Omit the pictures and reproduce the rest of the listing exactly.

§ DATASET EXTRACT:

******

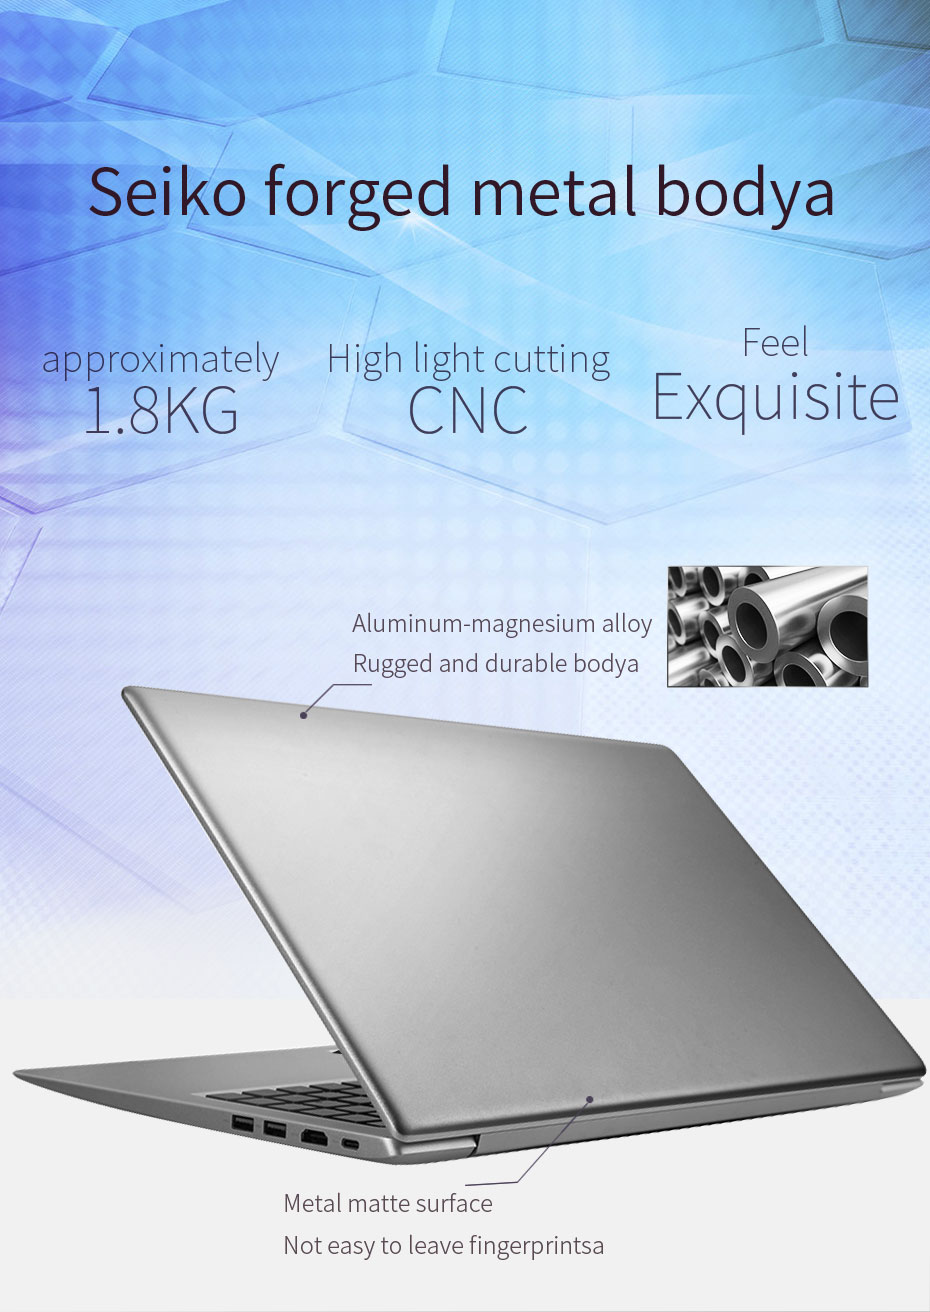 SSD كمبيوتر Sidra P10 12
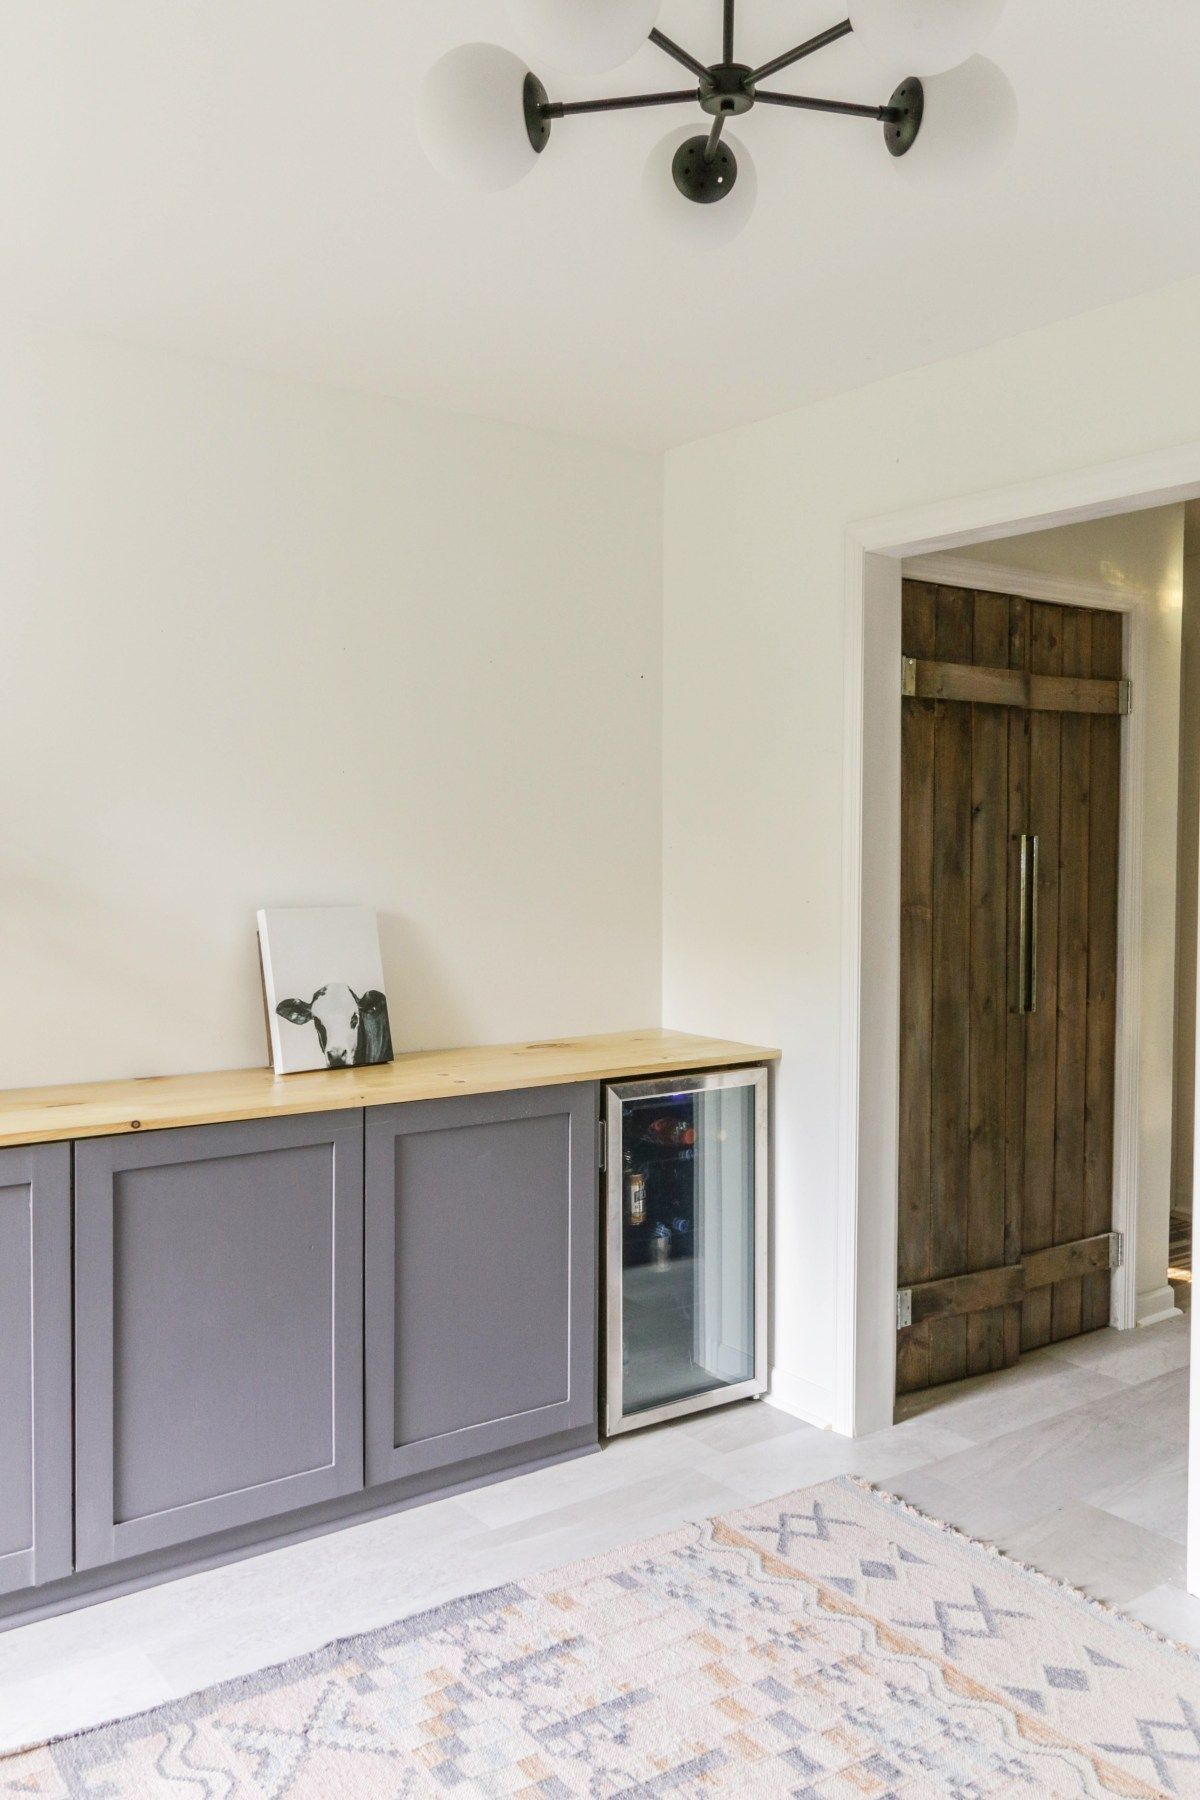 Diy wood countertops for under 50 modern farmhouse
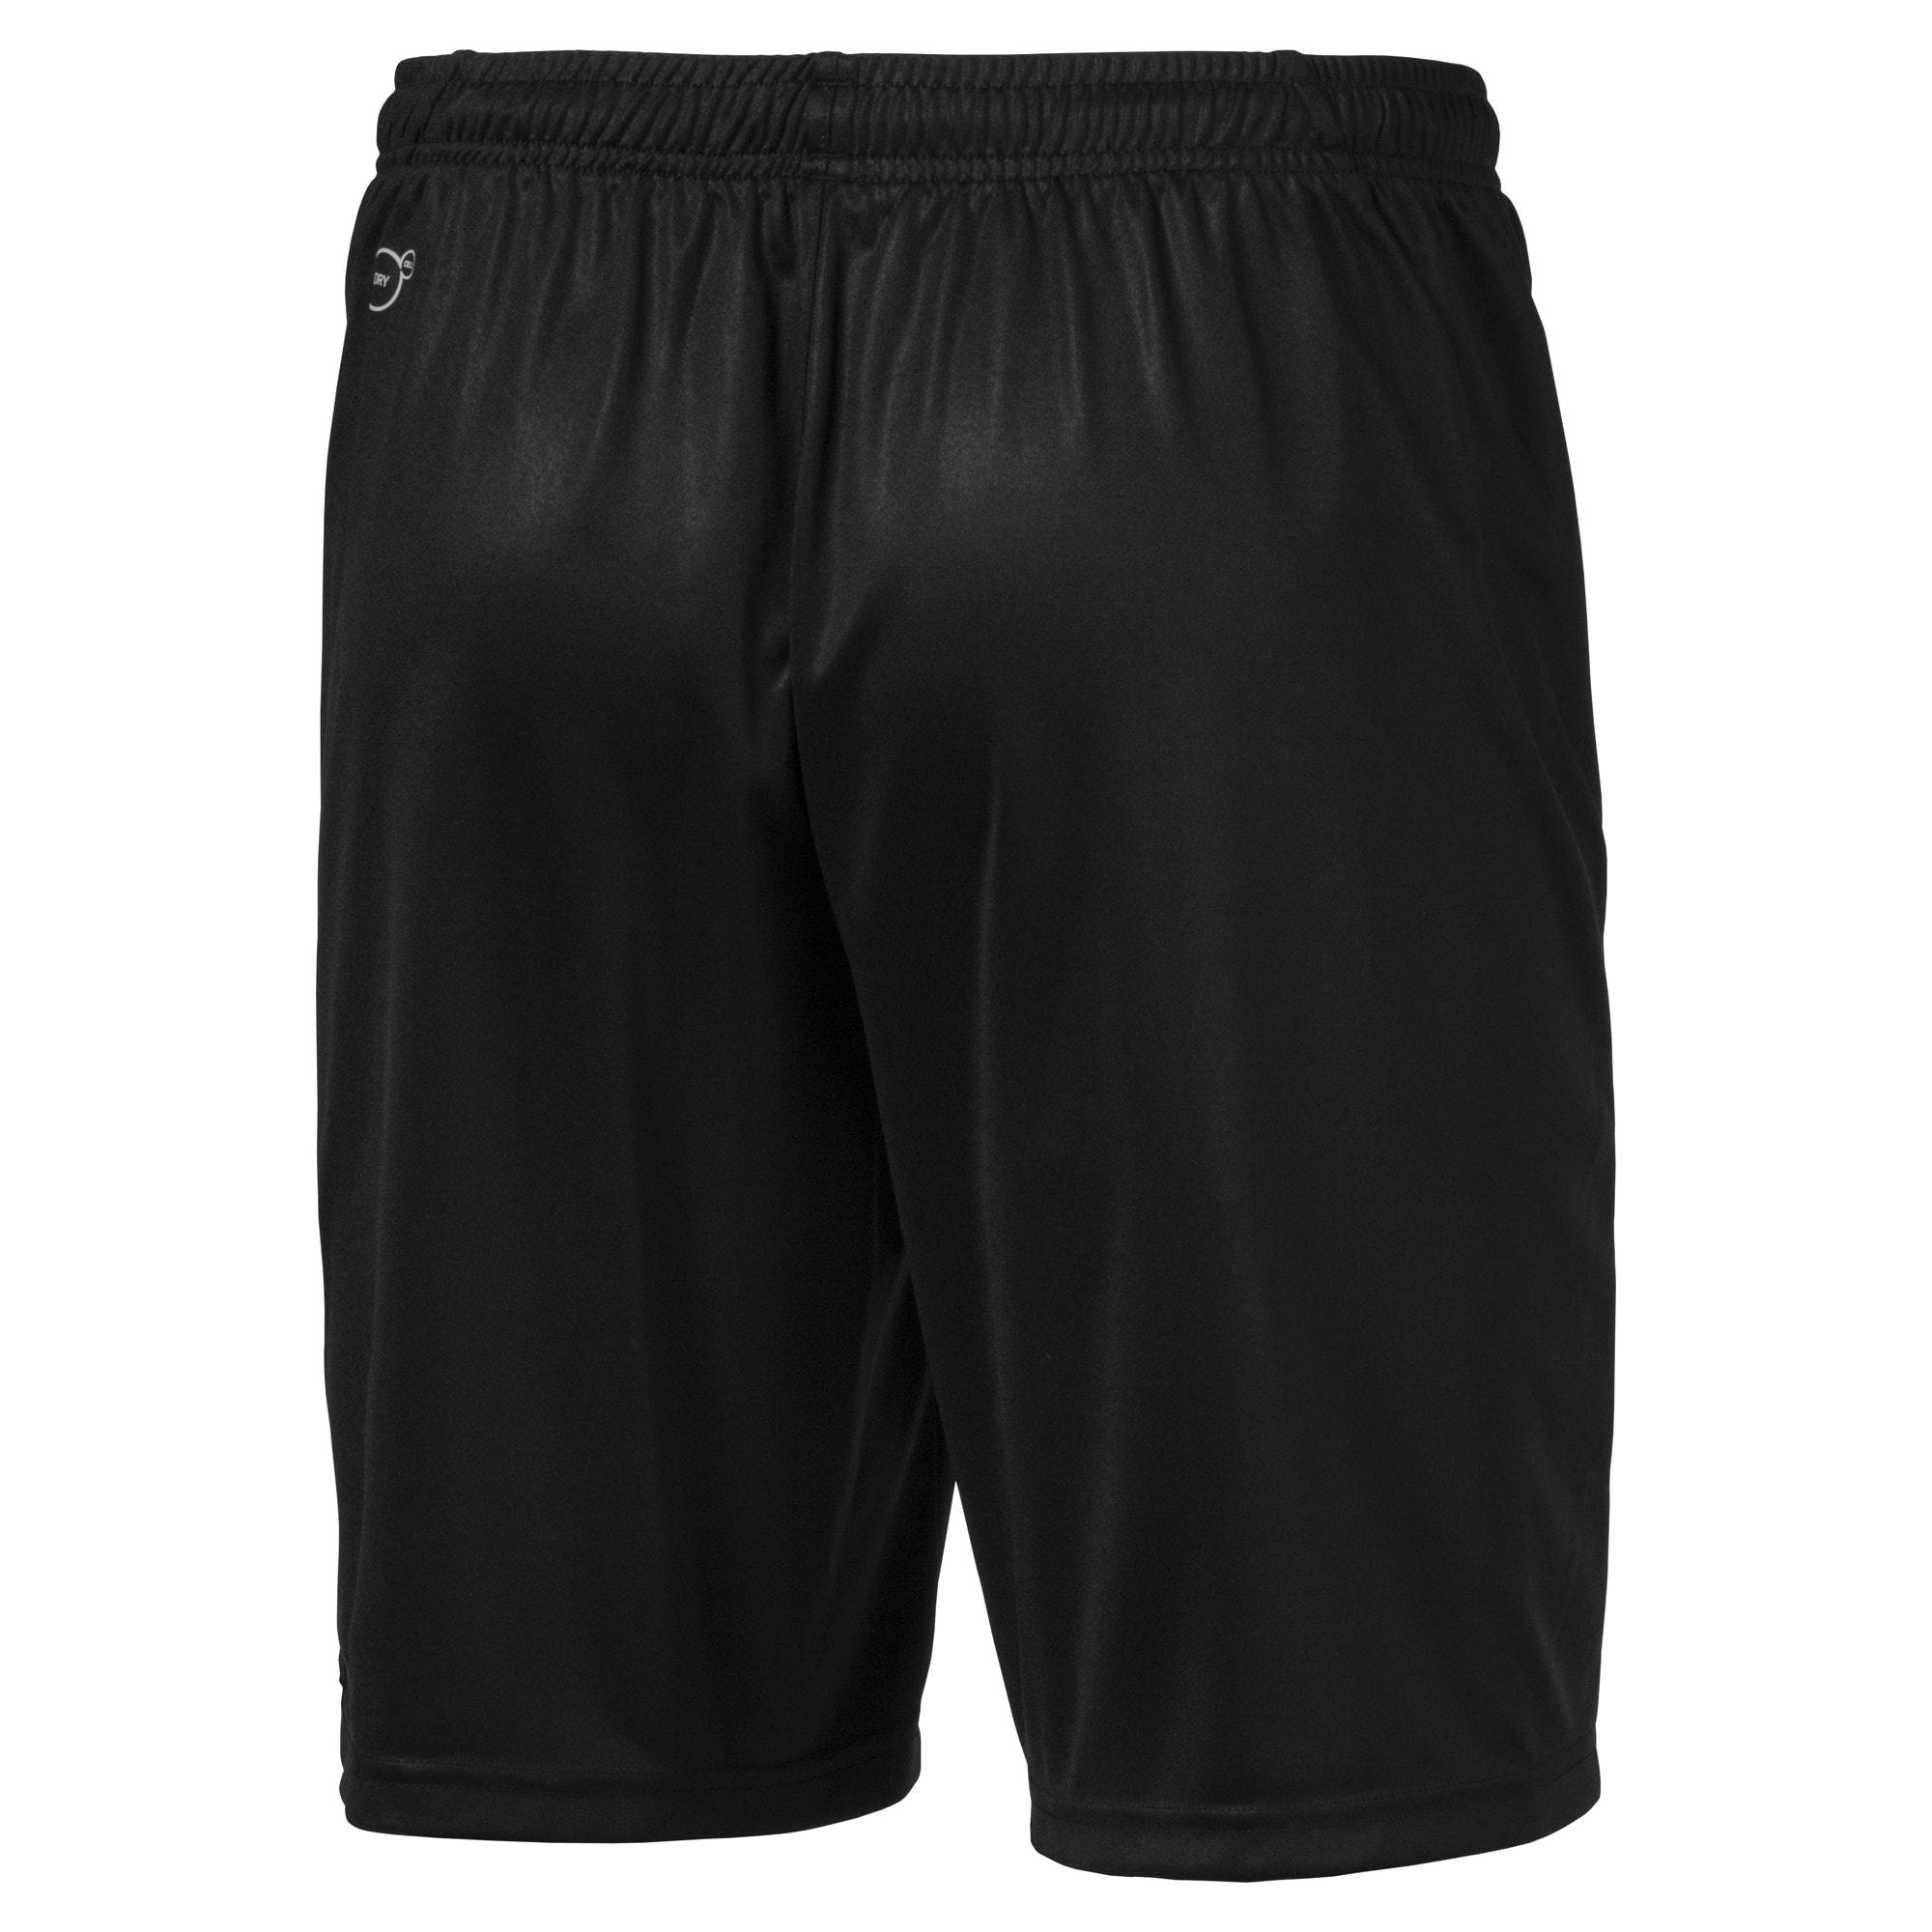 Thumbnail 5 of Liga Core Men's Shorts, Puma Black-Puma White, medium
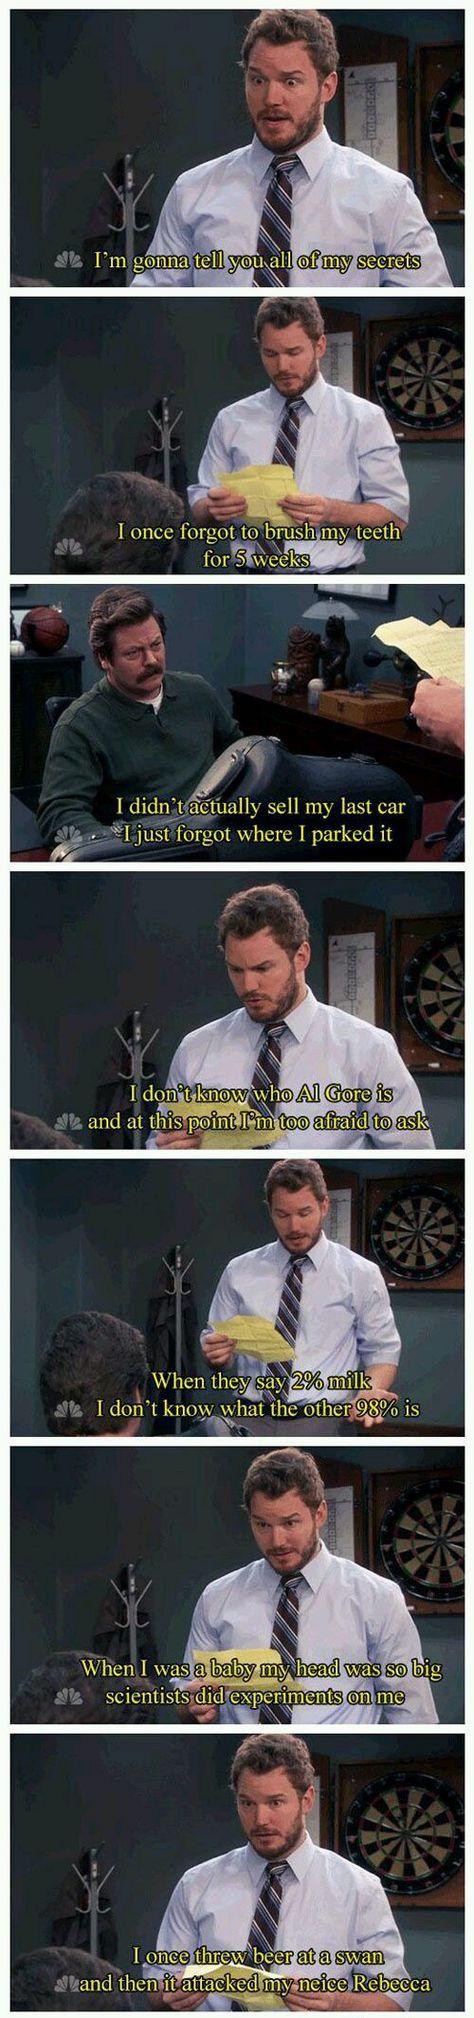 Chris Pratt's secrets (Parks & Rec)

******

§ YOUR SOLUTION:
 SSD كمبيوتر Sidra P10 12
 Diy wood countertops for under 50 modern farmhouse
 Thumbnail 5 of Liga Core Men's Shorts, Puma Black-Puma White, medium
 Chris Pratt's secrets (Parks & Rec)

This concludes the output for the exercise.